Now the firm and its technology will be embedded into key areas of the well-known Orion tech stack, enabling that firm to compete all the more effectively with the likes of industry behemoth Envestnet and others.

While terms of the deal were not disclosed and new titles are yet to be finalized, Orion CEO Eric Clarke said both founders would be joining the ranks as senior executives in his firm. Orion will also be bringing on board the smaller firm’s entire staff.

HiddenLevers will largely maintain its brand with the new name being Orion HiddenLevers and several core pieces of its technology soon to be embedded into several of the larger firm’s platforms. This includes making the HiddenLevers investment proposal functionality available within the Orion Communities marketplace and building scenario stress tests into the proposal generation system of Orion’s existing turnkey asset management platforms, Orion Portfolio Solutions and the recently acquired Brinker Capital.

“Those will be some of the first things we do,” Clarke said, adding that the stress-testing capabilities and the approach taken in building them by the HiddenLevers team had found a perfect home at Orion.

“When you look at what we are trying to solve for in general, to proactively have client conversations about future client volatility events you are preparing them for, no one prepares the client better than these guys and what they have built,” he said.

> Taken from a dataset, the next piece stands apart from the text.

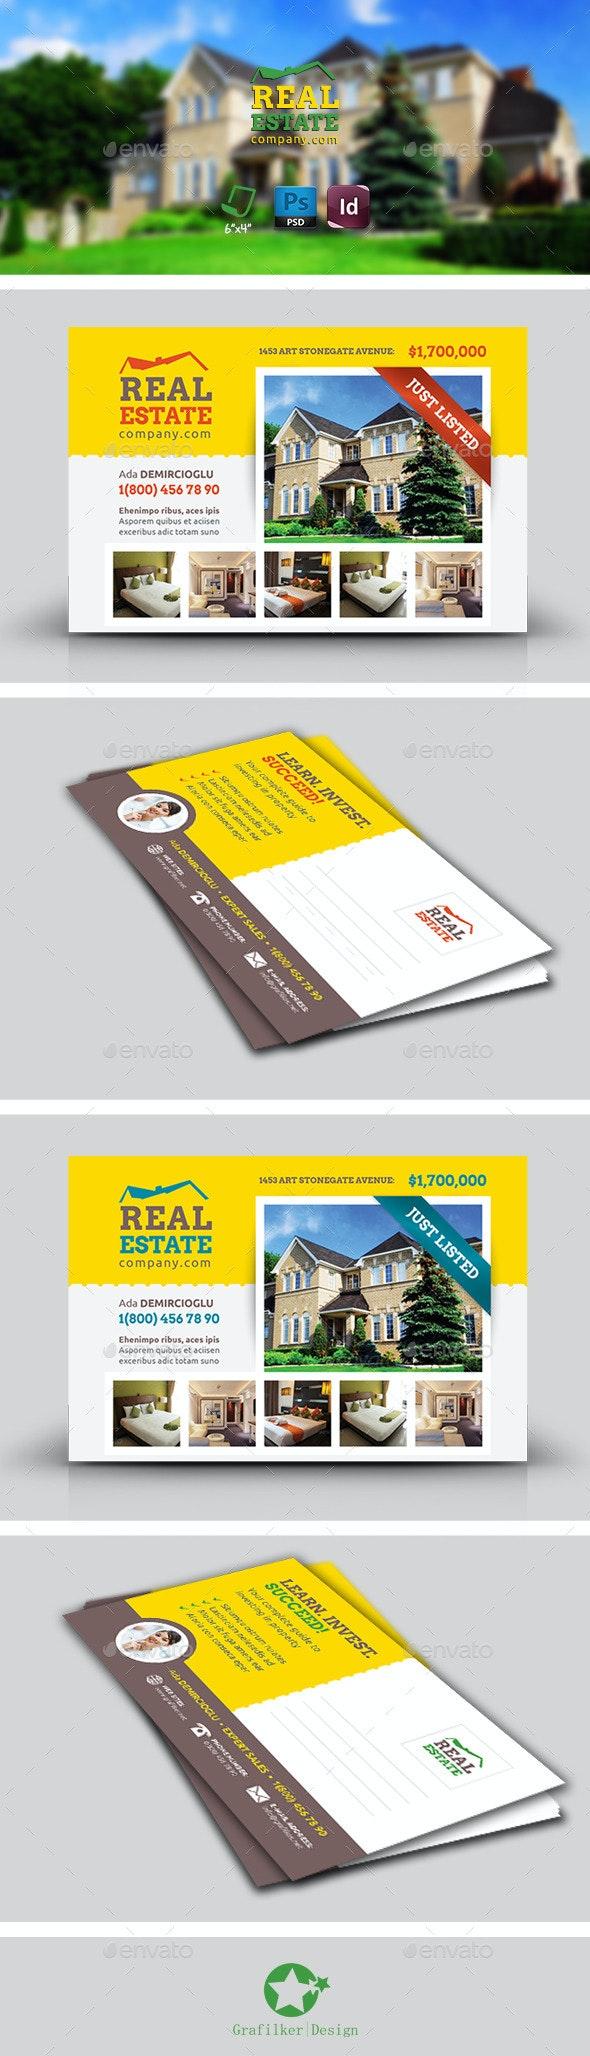 Real Estate Postcard Templates - Corporate Flyers

Clarke said his firm views its business as a core toolset in the advisor-client journey and that merging in HiddenLevers “will help us with the four pillars” in that process: prospecting, planning, investing and achieving the client's goals.

Clarke said that the acquired tech will find its way into many areas of Orion’s stack—from portfolio models to trading—and analyzing the risks involved in each.

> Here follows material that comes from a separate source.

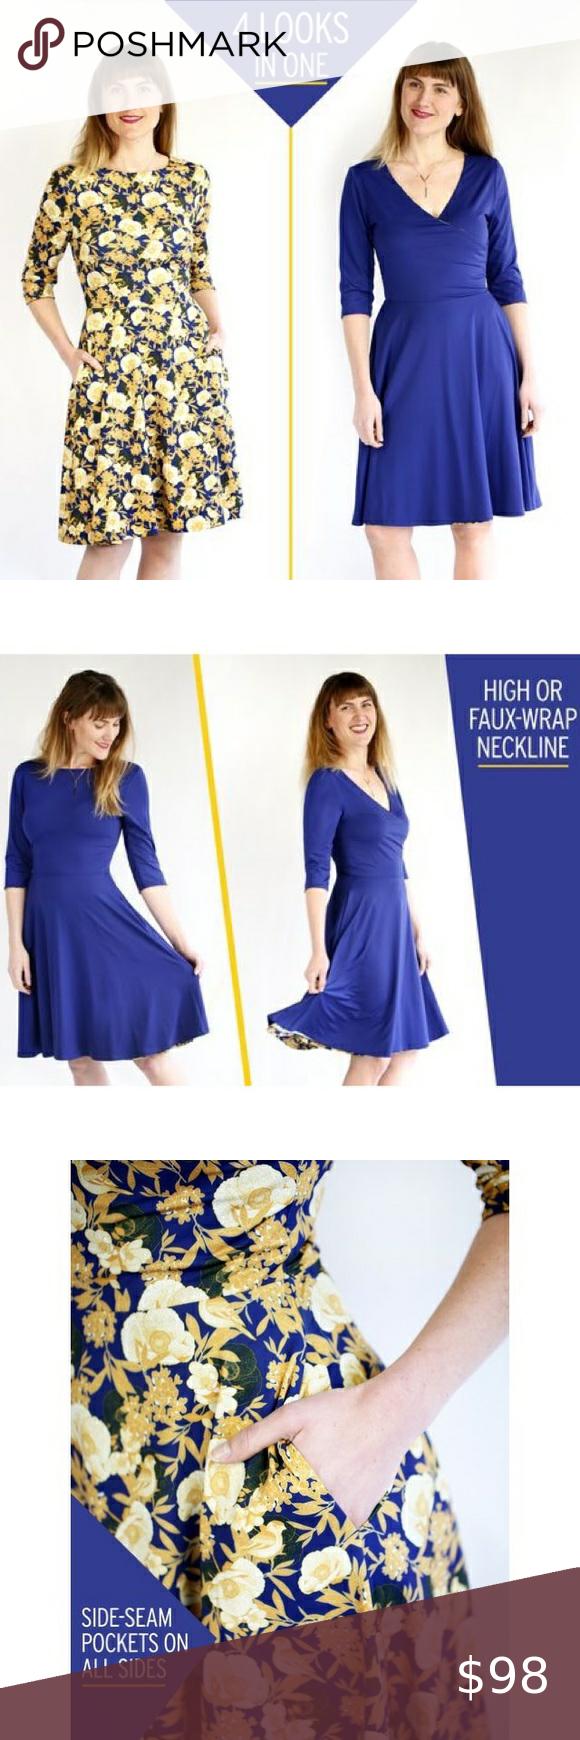 Betabrand Blue Yellow Round Trip Dress Size M Dresses Easy Wear Betabrand [ 1740 x 580 Pixel ]

Ghanta, HiddenLevers’ CEO, said he knew at some point his firm would need to join a larger company.

“At this stage in our development we had to ask ourselves ‘how do we make sure we are able to continue to scale and continue to make investments in technology?’ and Orion definitely makes sense as a long-term home for HiddenLevers,” he said.

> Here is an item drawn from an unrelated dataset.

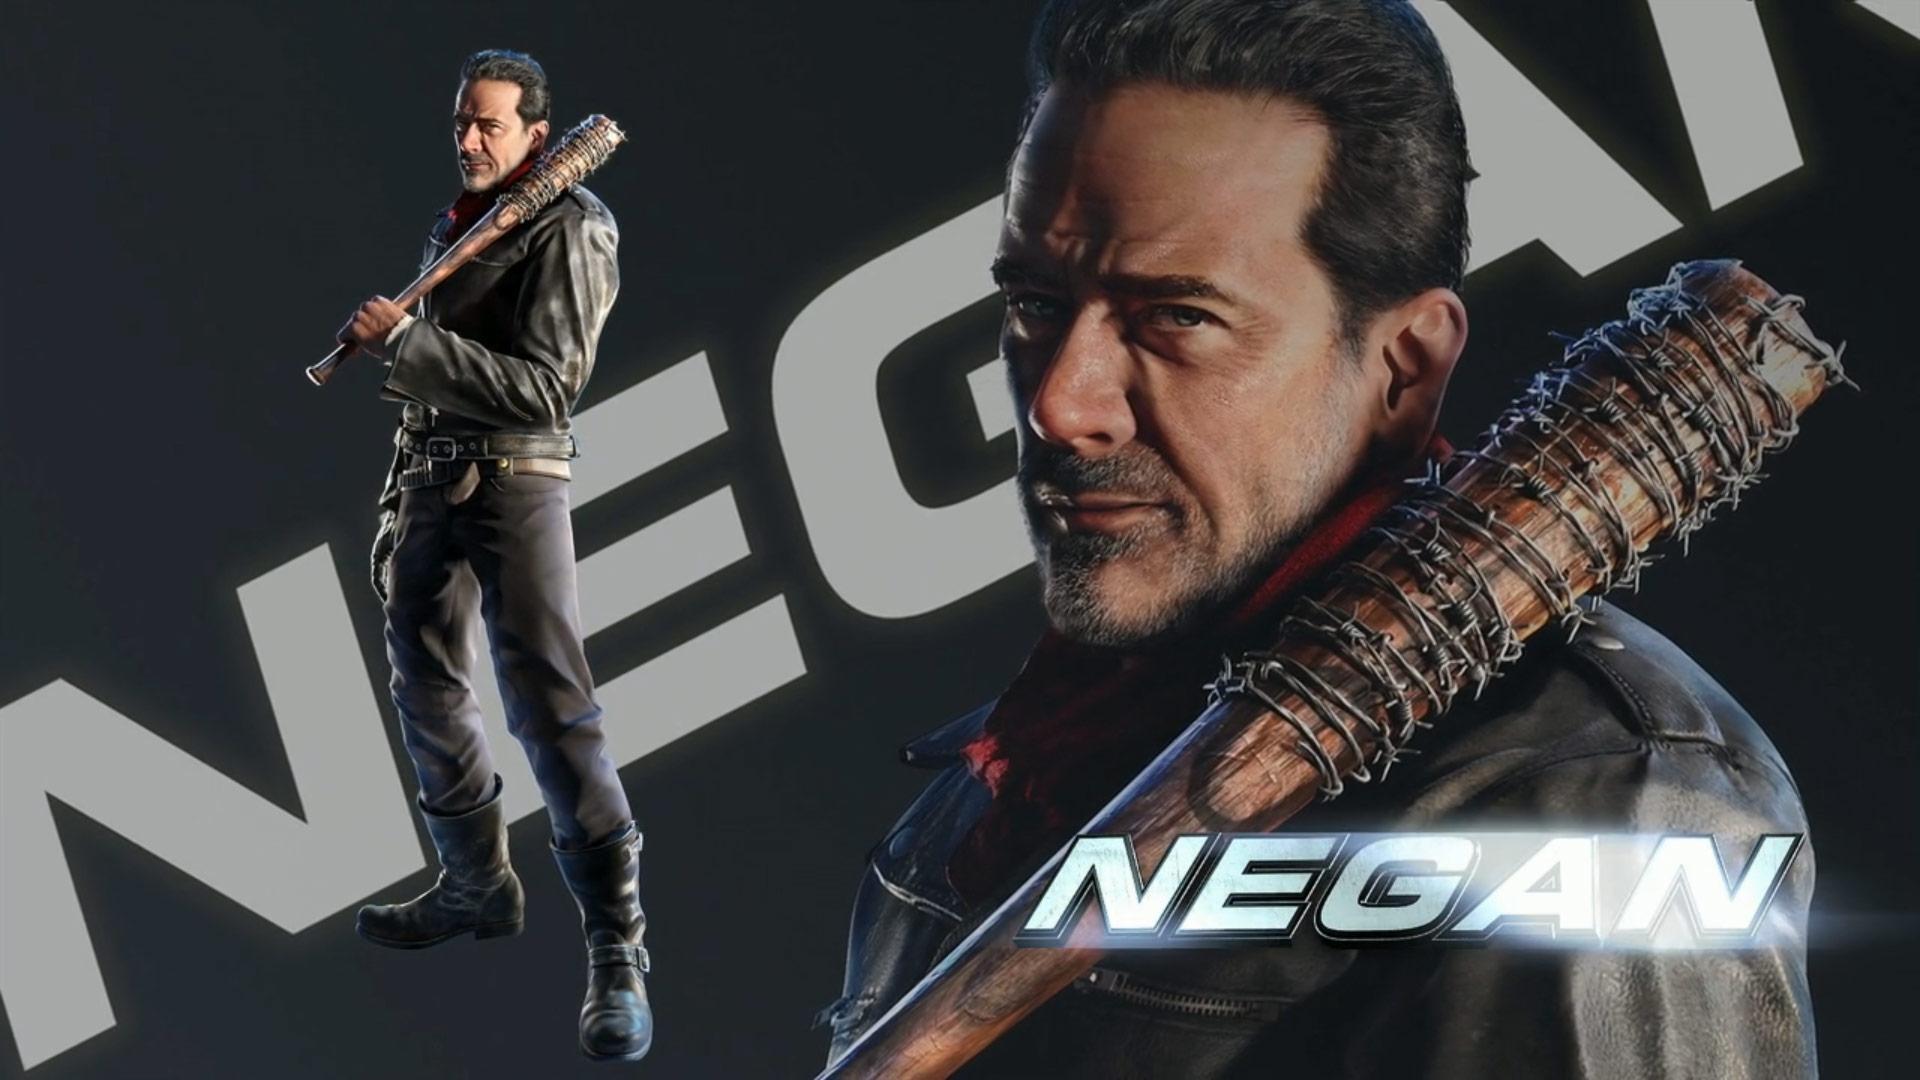 Tekken 7 Julia and Negan Reveal Screenshots 7 out of 12 image gallery

“We see eye to eye on a lot of things, including the RIA as the ascendant winner in the advice space,” said HiddenLevers co-founder Udeshi.

“In terms of the choices we had, it is grow or die, and we both seem to be doing that. We look at them [Orion] as our big brother,” he said.

Alois Pirker, research director at Aite Group’s wealth management division, who had also been briefed on the announcement, said the acquisition offered Orion other important advantages.

“It will give Orion a rock solid capability set,” he said, noting that in addition to well-known and valuable stress-testing and proposal-generation features and risk analytics capabilities HiddenLevers provided for examining external factors, the lesser known but potentially bigger business value was looking at a firm’s internal metrics.

“Focus Financial is using it in a very unique way, pulling in all the data on all the RIAs they own or partially own and then are able to ask themselves ‘where’s the risk?’” he said. Empowering the 2,200 advisory firms, many of them multi-billion-dollar RIAs, on the Orion platform with the same risk analytics and business intelligence will be a powerful draw, he said.

Orion does plan to embed HiddenLevers’ technology within both its business intelligence and compliance tools, giving firms the ability to stress test every account in a firm’s book of business as well as provide firmwide views into revenue, risk, IPS drift and advisor performance.

In its prepared statement, the firm took a swipe at well-known risk analysis provider Riskalyze, without naming the firm or specifically calling out its trademarked “risk number”: “HiddenLevers goes beyond a single-number risk analysis approach and instead, builds applications that consider a broad palette of potential economic events—essential for protecting the fiduciary sensibility of Orion customers.”

Ron Carson, CEO and founder of the Carson Group, expressed his excitement over the deal in a written statement.

“HiddenLevers and Orion have long been important partners to our ecosystem and I'm excited for what this acquisition means to help advisors provide more compelling value and simplify their experience, while pursuing a more integrated, holistic experience for their clients,” Carson said.